Imam Syafi’i berkata: Jika seseorang menggadaikan seorang budak (laki-laki dan perempuan) yang keluar (murtad) dari Islam dan telah diterima oleh penerima gadai, maka gadai ini sah. Si budak dapat disuruh bertaubat, Jika tidak mau, ia dapat dibunuh atas dasar murtad. Demikian pula bila si budak menyamun dan membunuh, maka ia dapat dibunuh; dan jika membunuh, maka tangannya dapat dipotong. Begitu juga apabila si budak melakukan kejahatan yang dapat dijatuhi hukuman tertentu (had), maka had ini harus ditegakkan. Pada semua keadaan ini si budak tetap berstatus gadai, baik hukuman dibatalkan atasnya atau dibekukan karena sebab-sebab tertentu, sebab ini adalah hak Allah Ta ’ala dan bukan hak manusia.

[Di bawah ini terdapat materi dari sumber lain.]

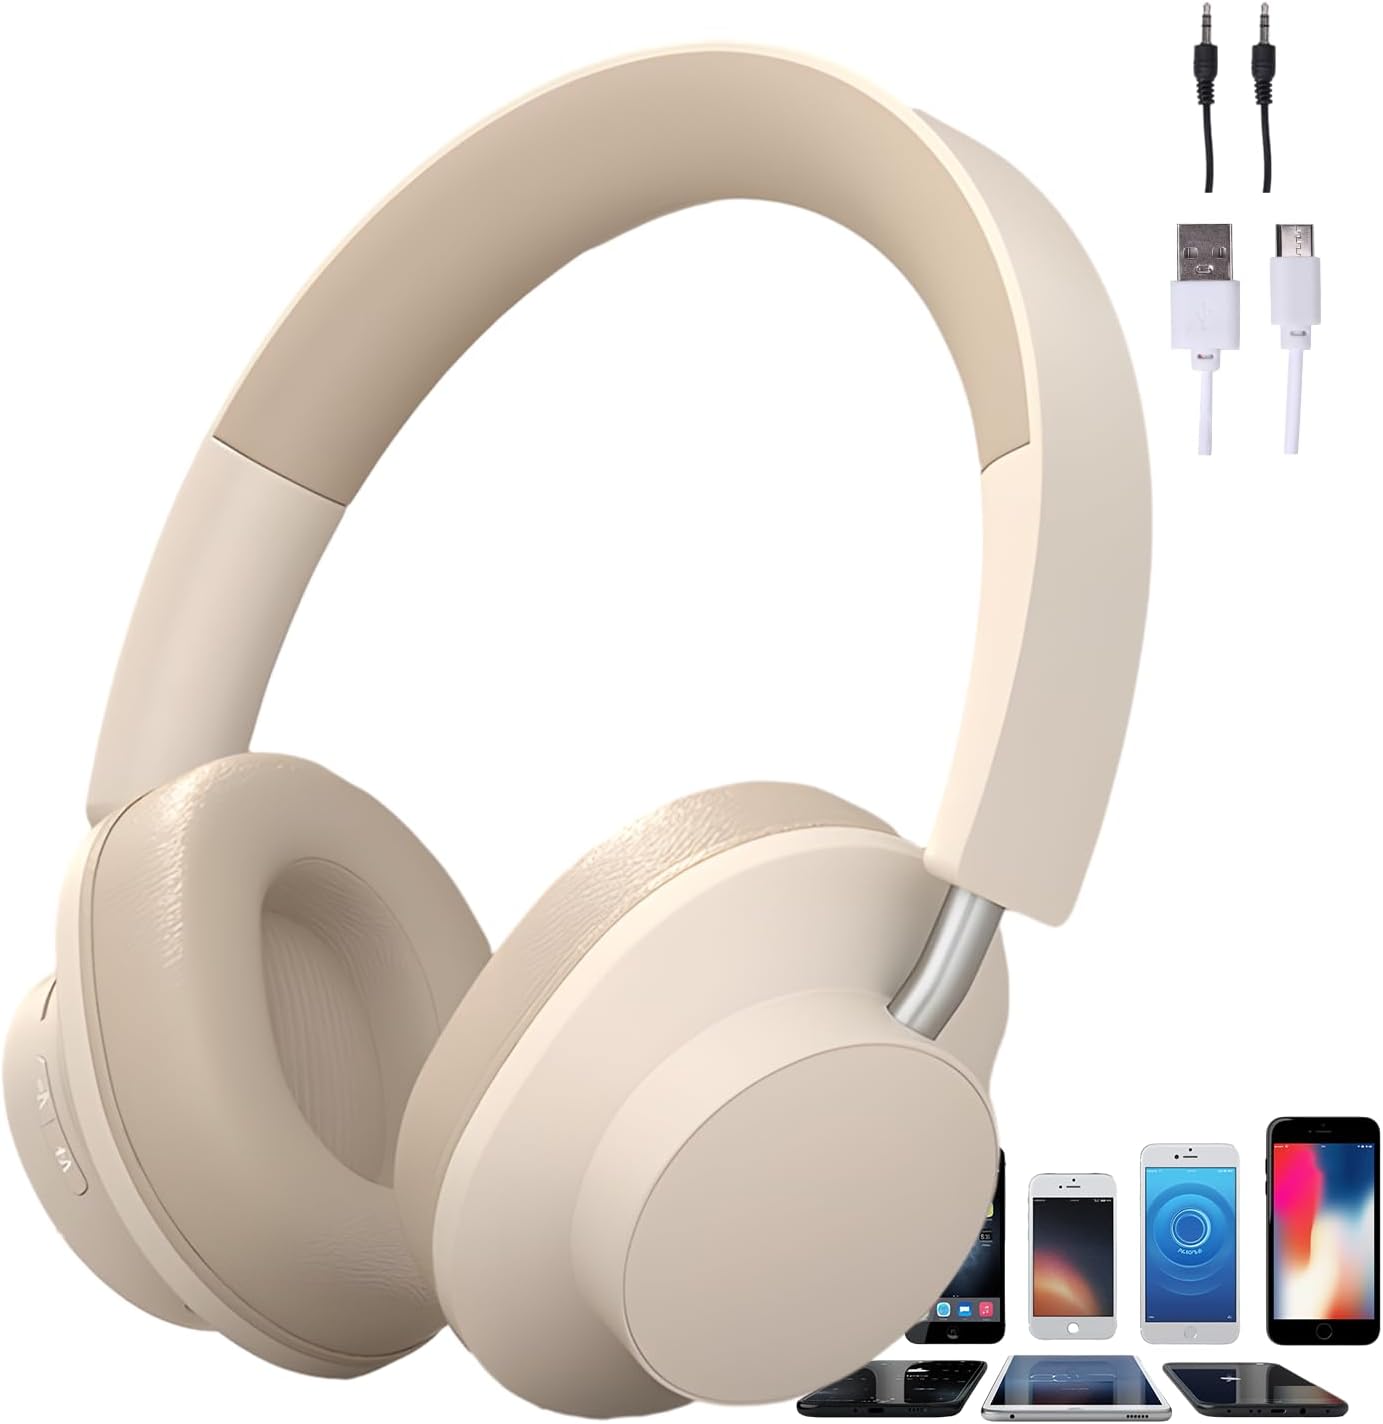 qooarker Over Ear Headphones with Mic, 50 Hours Play Time Wireless Bluetooth Headphones with Deep Bass, Stretchable Headphones with HiFi Audio for Music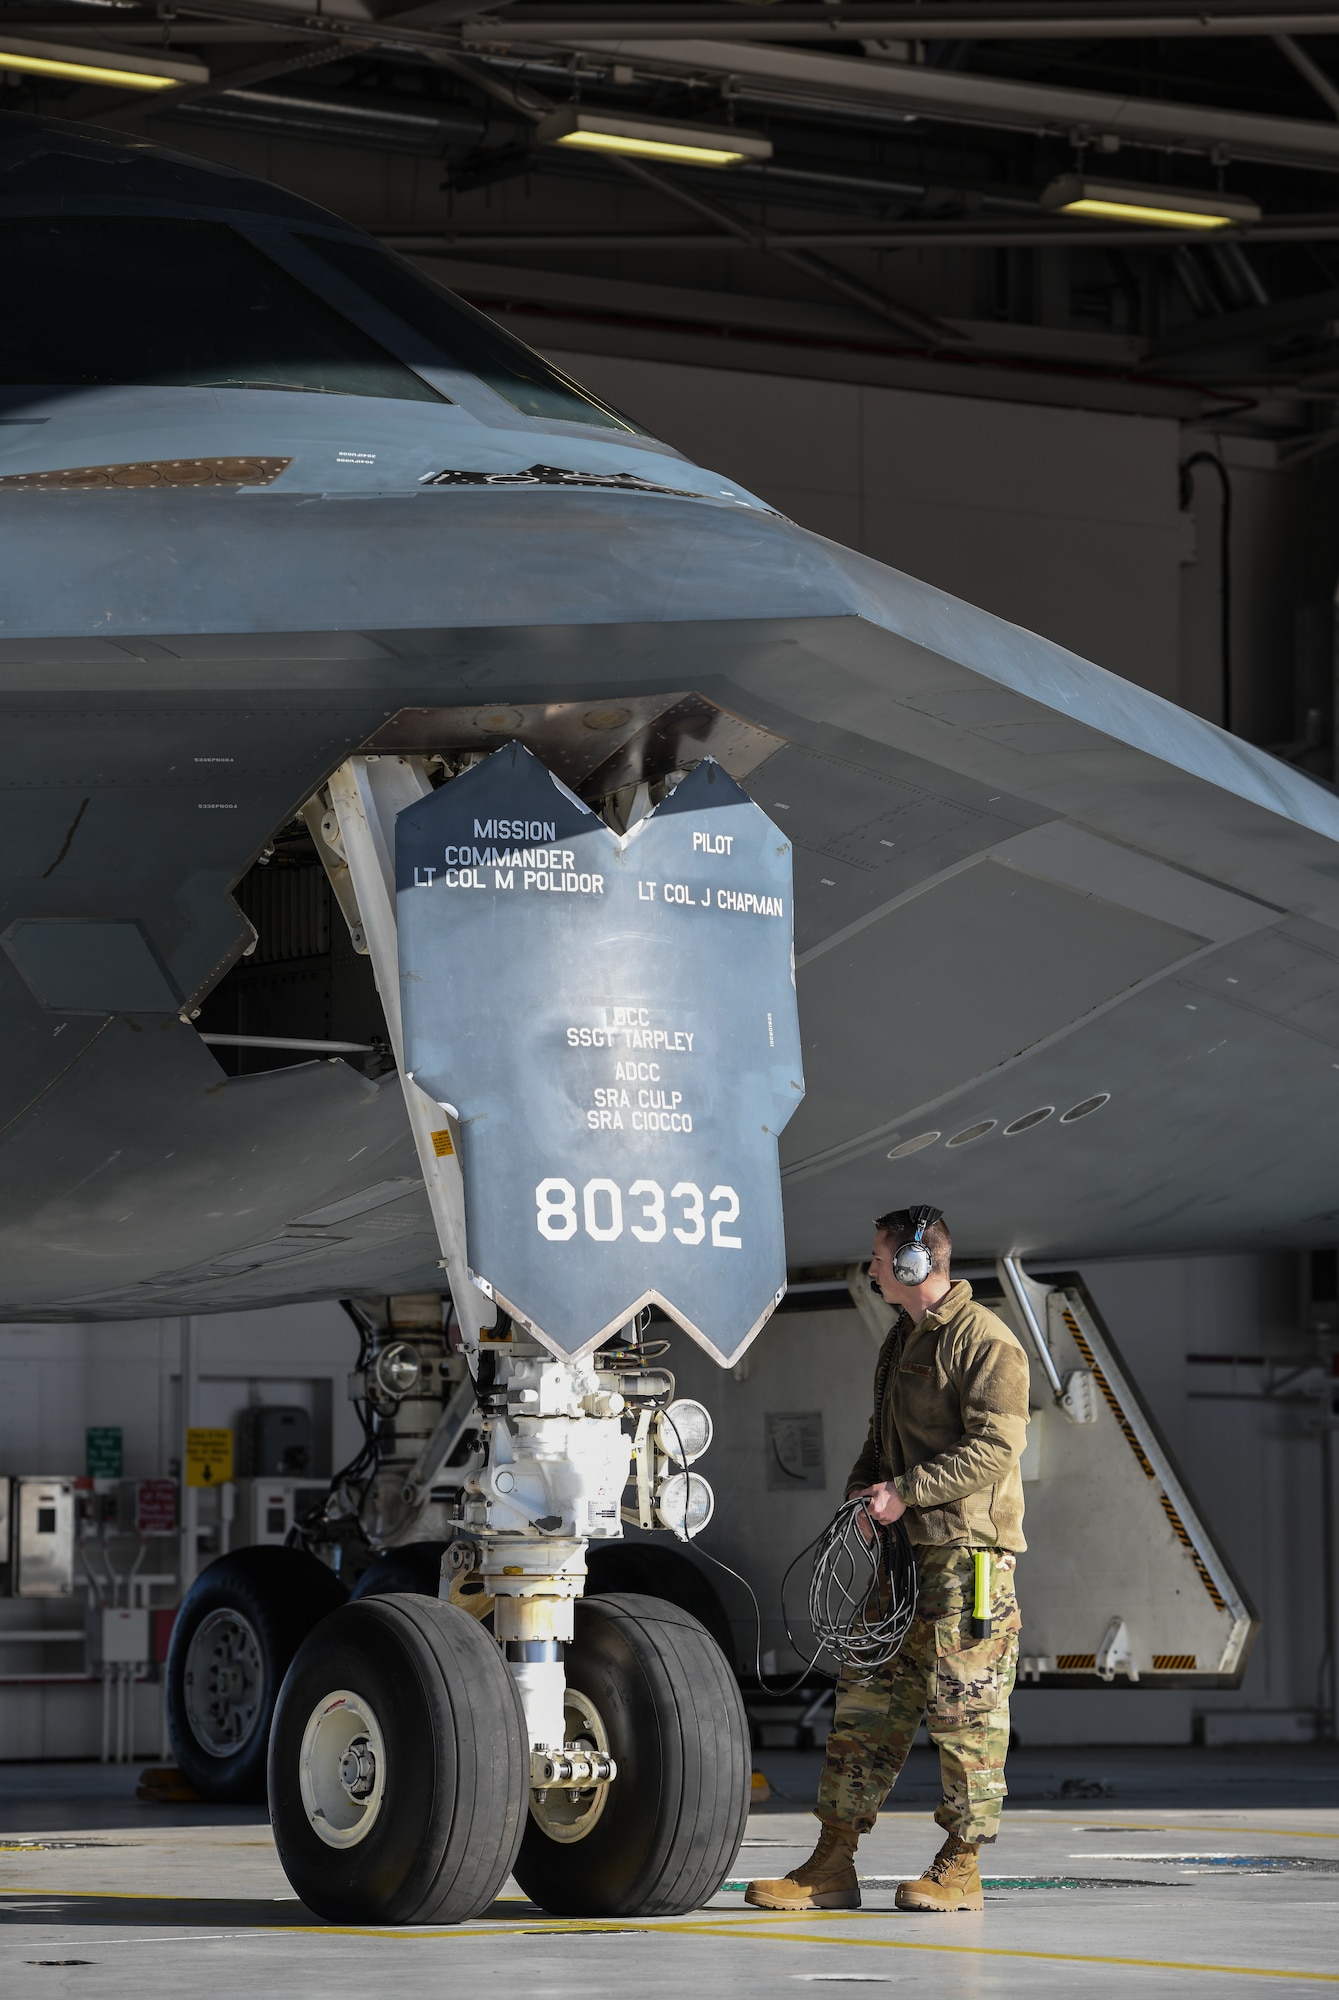 U.S. Air National Guard Tech. Sgt. Justin Aeckerle, a B-2 crew chief assigned to the 131st Maintenance Squadron, readies a B-2 Spirit for flight at Whiteman Air Force Base, Missouri, March 8, 2020. The B-2 took off from Whiteman AFB to support U.S. Strategic Command Bomber Task Force operations in Europe. The 131s Bomb Wing’s 131st MXS is the total-force partner unit to the 509th Bomb Wing. (U.S. Air Force photo by Tech. Sgt. Alexander W. Riedel)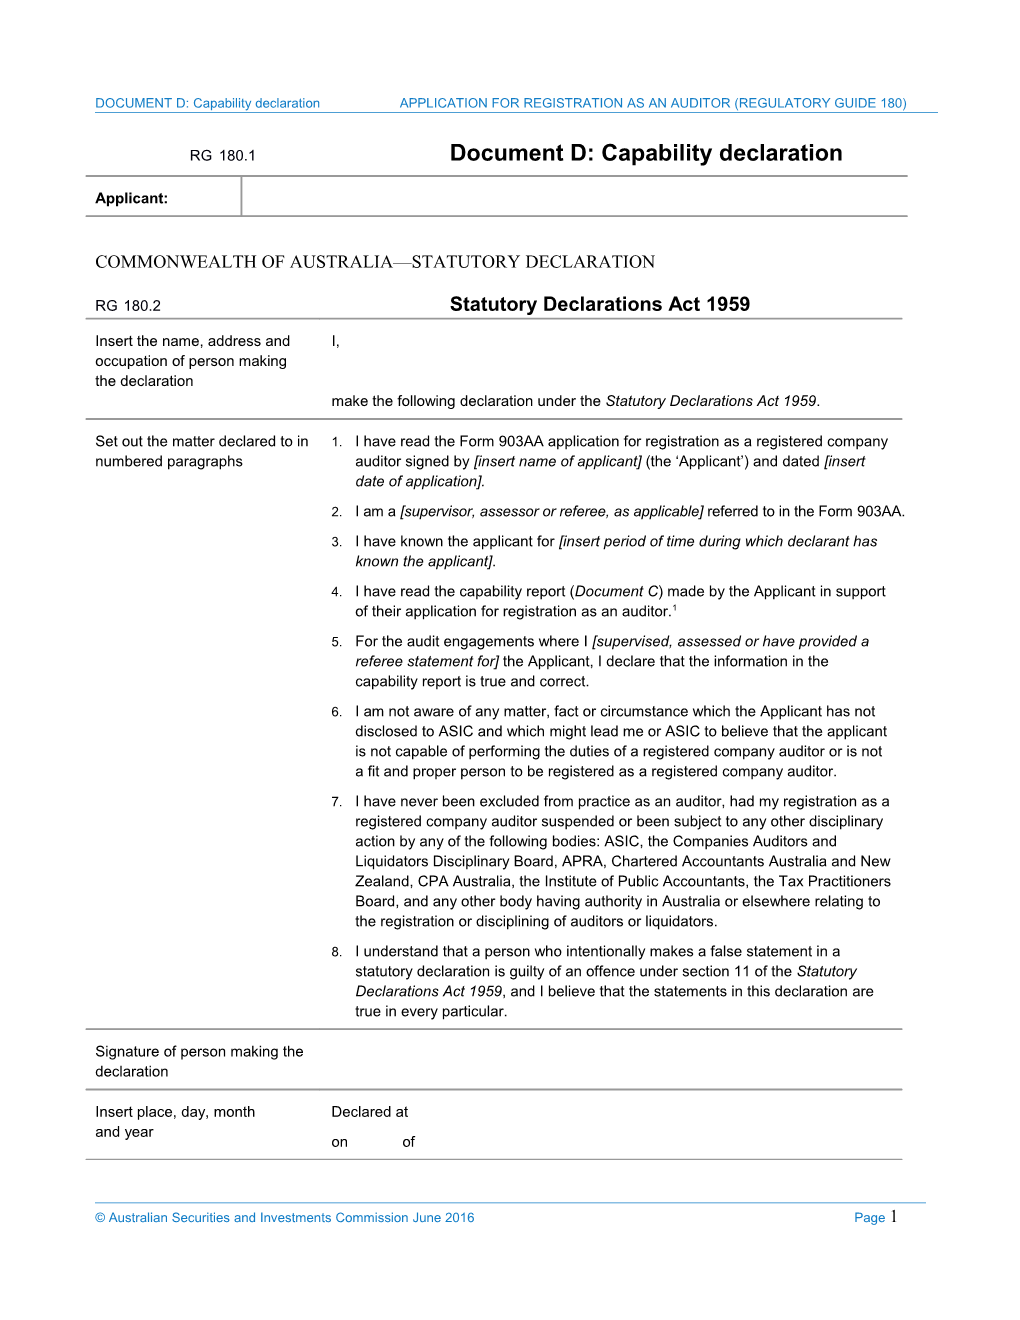 Document D: Capability Declaration Application for Registration As an Auditor (Regulatory

Imam Syafi’i berkata: Apabila seseorang menggadaikan budak miliknya yang telah ia merdekakan sejak setahun atau lebih, maka gadai ini dapat dibatalkan, karena si budak telah merdeka. Hal ini berlaku pada budak yang dijanjikan akan merdeka setelah majikannya meninggal dunia (mudabbar). Gadai pada kondisi ini tidak diperbolehkan bagaimanapun keadaannya. Apabila seseorang menggadaikan budak yang ia beli dengan cara yang tidak sah, maka gadai dinyatakan batal, karena penggadai tidak memiliki apa yang ia gadaikan.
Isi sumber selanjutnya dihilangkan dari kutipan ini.